Associated Press reports that his instructions for photographing the Packers back then were simple: “Stay out of Lombardi’s way, mostly. He was terrified of Lombardi. Everybody in Wisconsin was terrified of Lombardi,” says John.
During the AFL-NFL World Championship Game on January 15, 1967, which was retroactively renamed Super Bowl I, the 15-year-old John captured a photo of the first touchdown in Super Bowl history when Green Bay Packers receiver Max McGee scored on a 37-yard reception from Packers quarterback Bart Starr.
The Super Bowl is one of the world’s most-watched single sporting events today, but things were quite different back in 1967 when the NFL and American football were still in their infancy.
“First of all, there weren’t that many photographers on the sideline for the first one, like there are now,” Biever tells AP. “I remember Bob Hope being next to me at one point on the sidelines at the first Super Bowl. Hollywood stars would show up and just walk on the field and go where they wanted to go. And here’s Bob Hope and it’s like, wow, for a kid from Wisconsin, that’s pretty cool.”

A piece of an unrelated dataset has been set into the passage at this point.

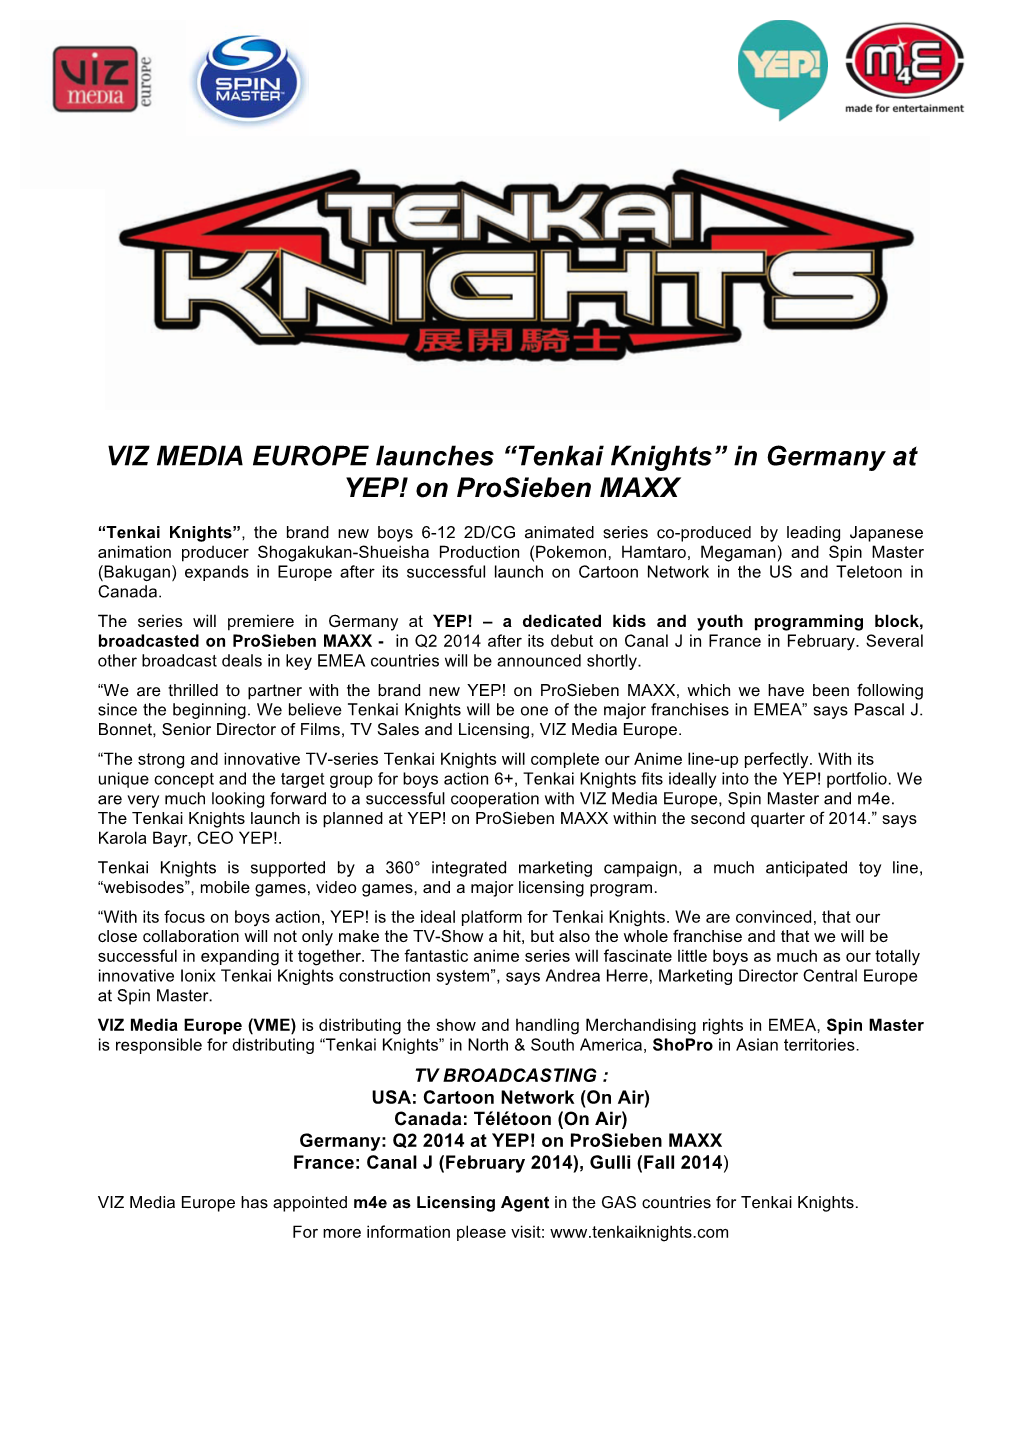 Tenkai Knights” in Germany at YEP! on Prosieben MAXX

“And the stands weren’t full at the first Super Bowl,” he continues. “One of the pictures that I liked from that first Super Bowl shows Max McGee scoring the first touchdown in the Super Bowl and in the background there are a bunch of empty seats. That’s not going to happen now. That kind of stuck with me.”
After graduating from the University of Wisconsin-Milwaukee, John began a career in photojournalism. His photo was on the first digital Sports Illustrated cover, a publication he worked for over 20 years.